WORK REQUIRED: Every line below must be reproduced exactly; no pictures are to be included.

DATASET EXTRACT:

★ ★ ★

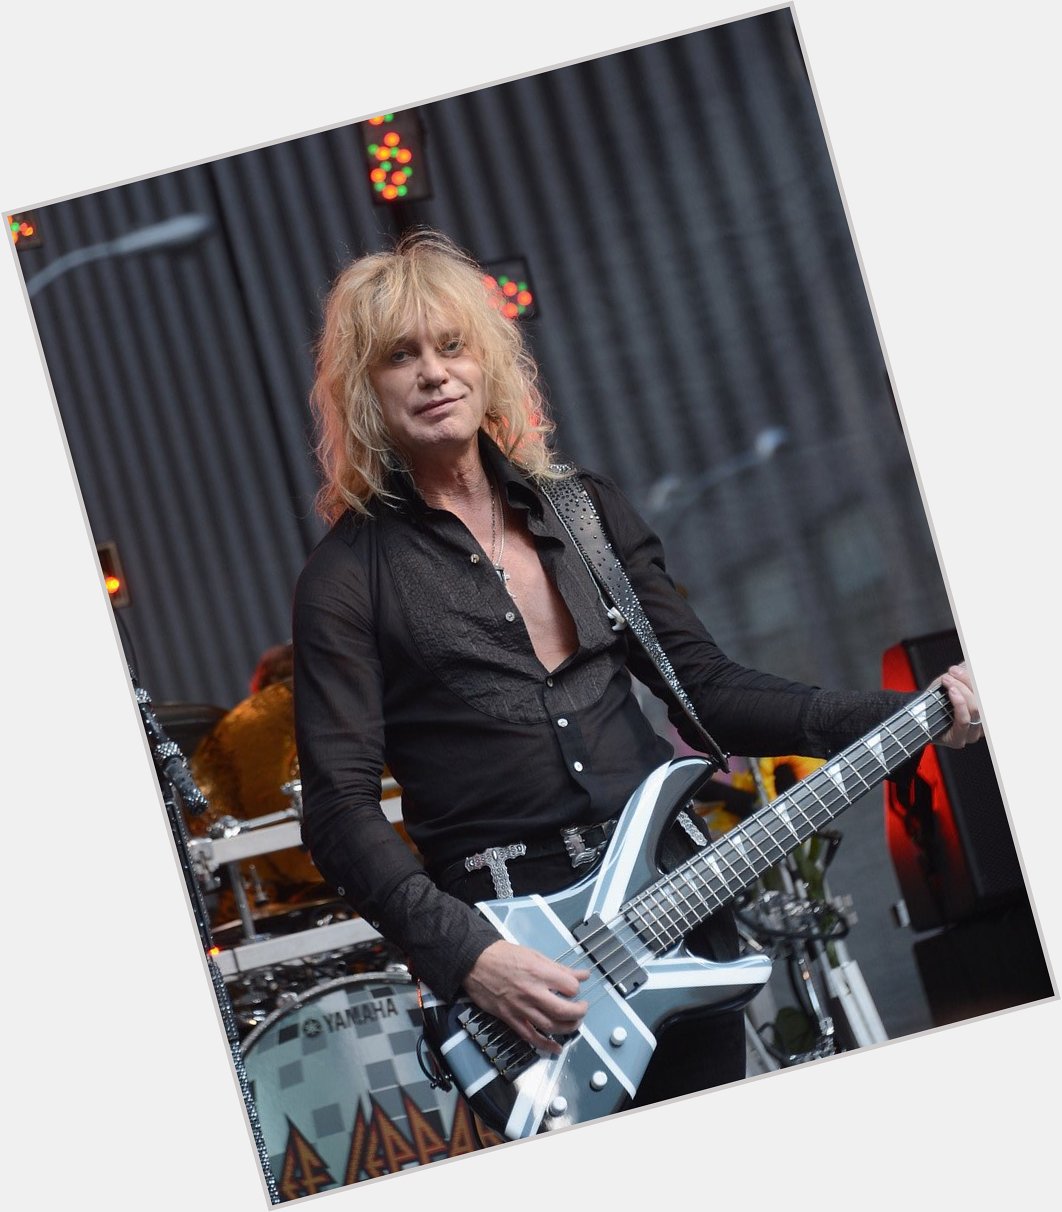 Happy Birthday to founding member of Def Leppard, Rick Savage, born Dec 2nd 1960 
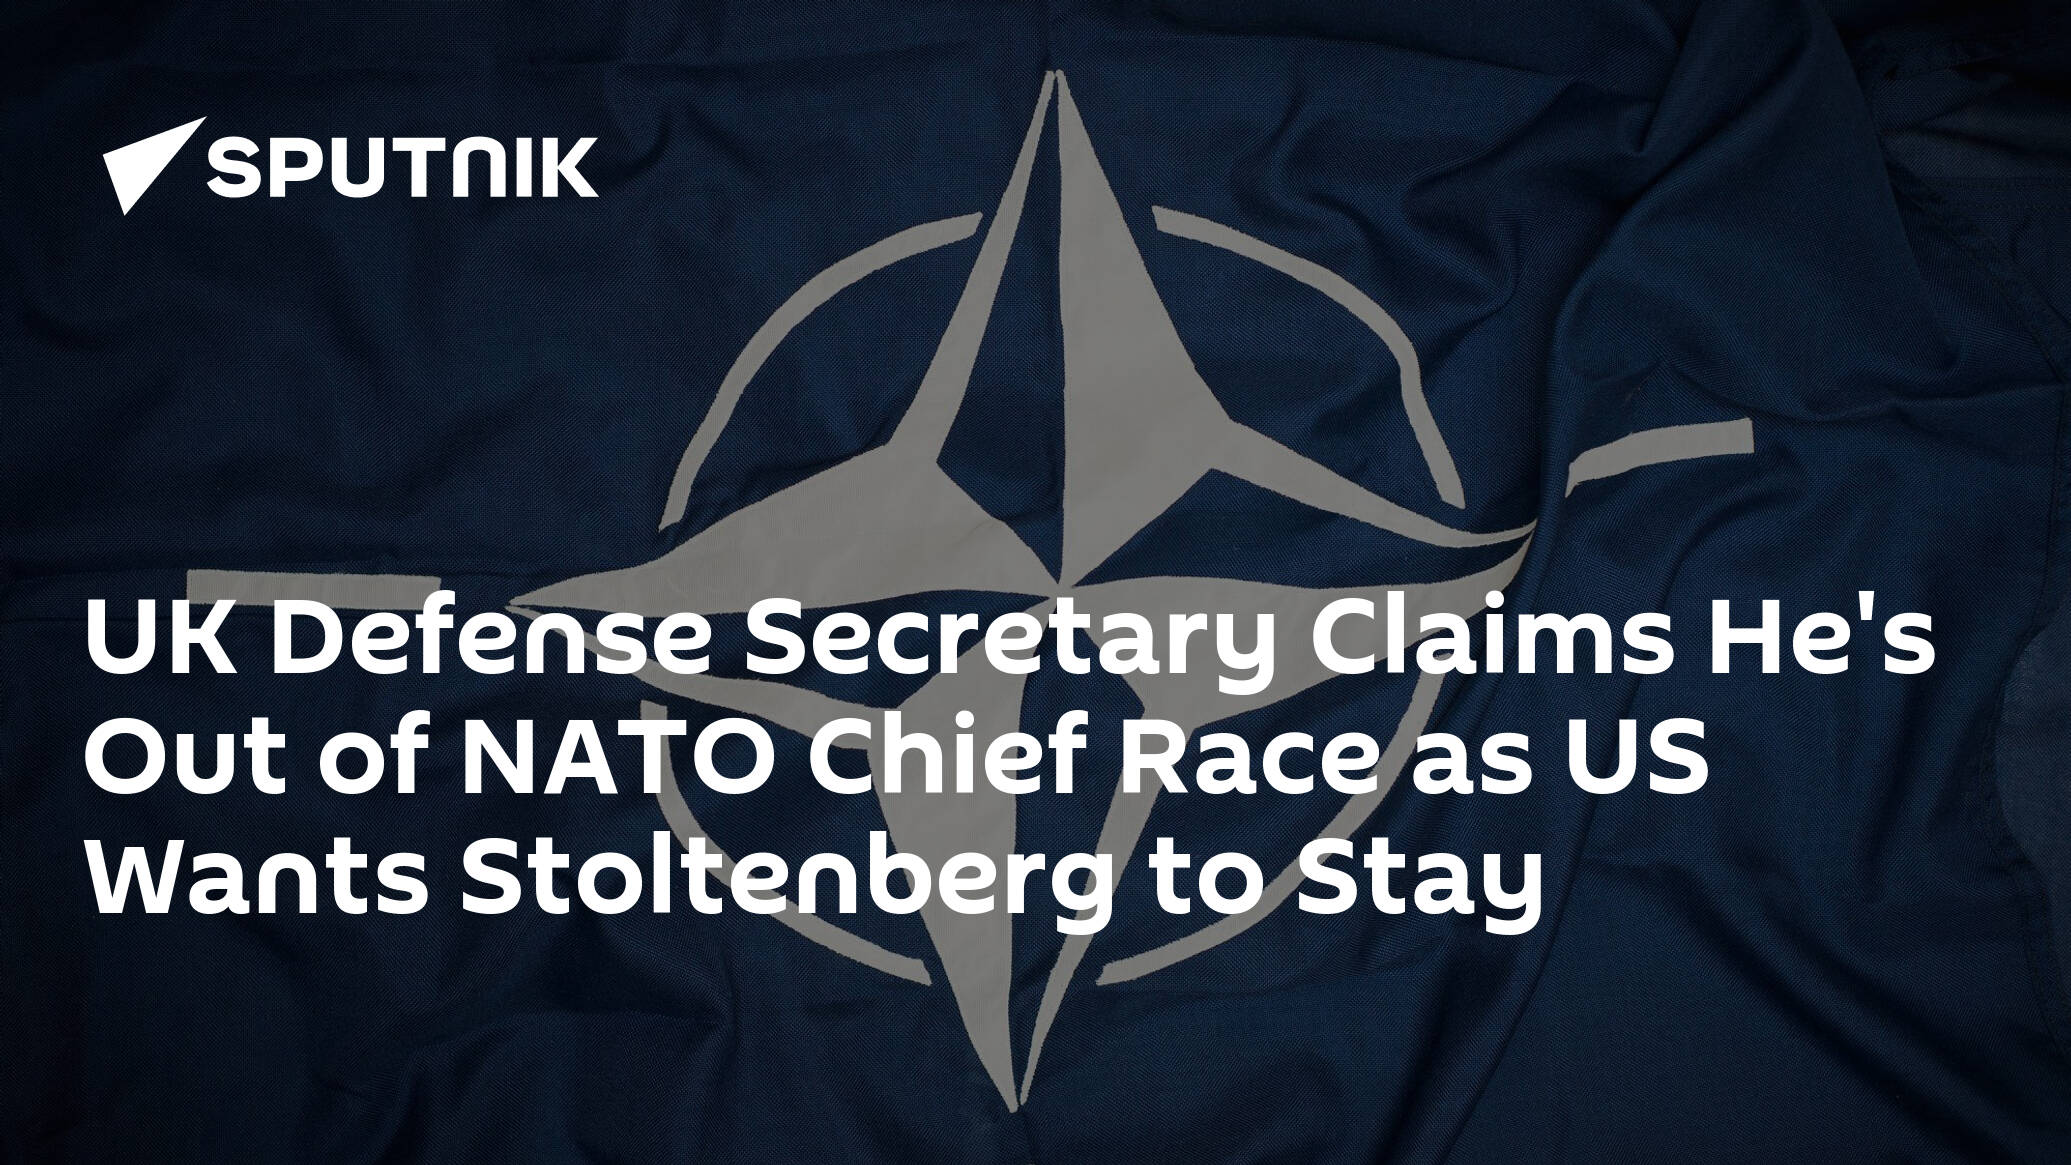 UK Defense Secretary Claims He's Out of NATO Chief Race as US Wants Stoltenberg to Stay
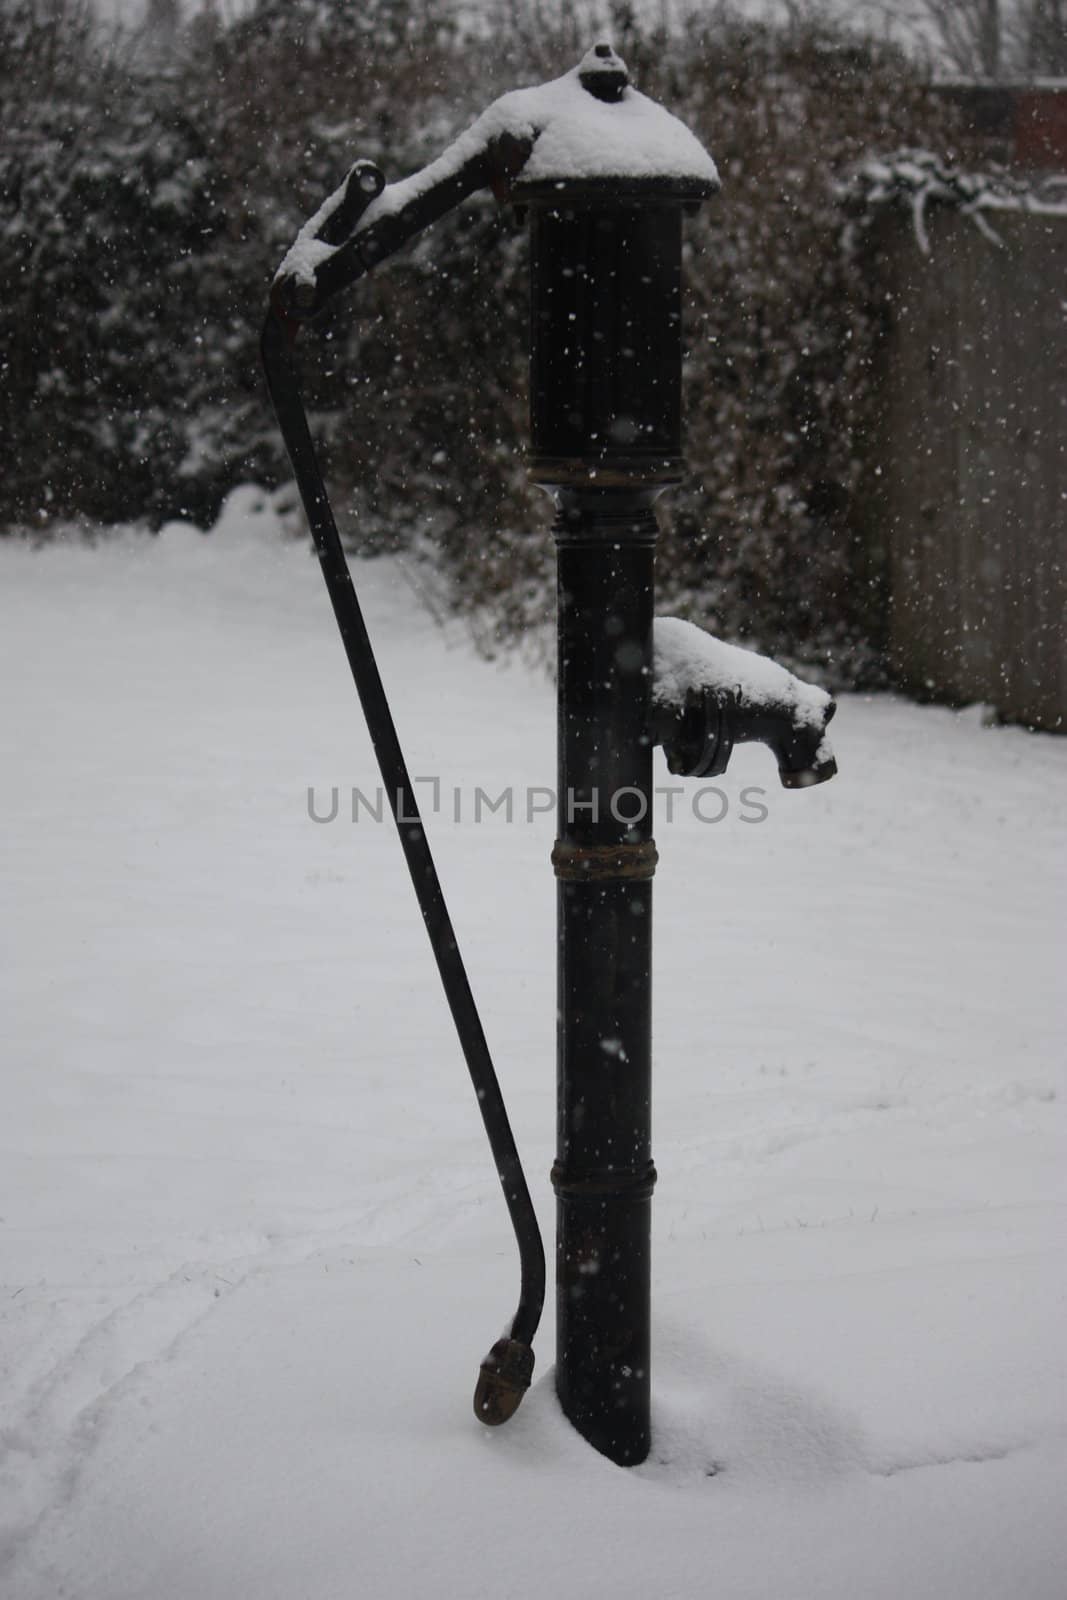 A snow covered old fashioned water pump

★ ★ ★

OUTPUT FOR THIS TASK:
 Happy Birthday to founding member of Def Leppard, Rick Savage, born Dec 2nd 1960 
 UK Defense Secretary Claims He's Out of NATO Chief Race as US Wants Stoltenberg to Stay
 A snow covered old fashioned water pump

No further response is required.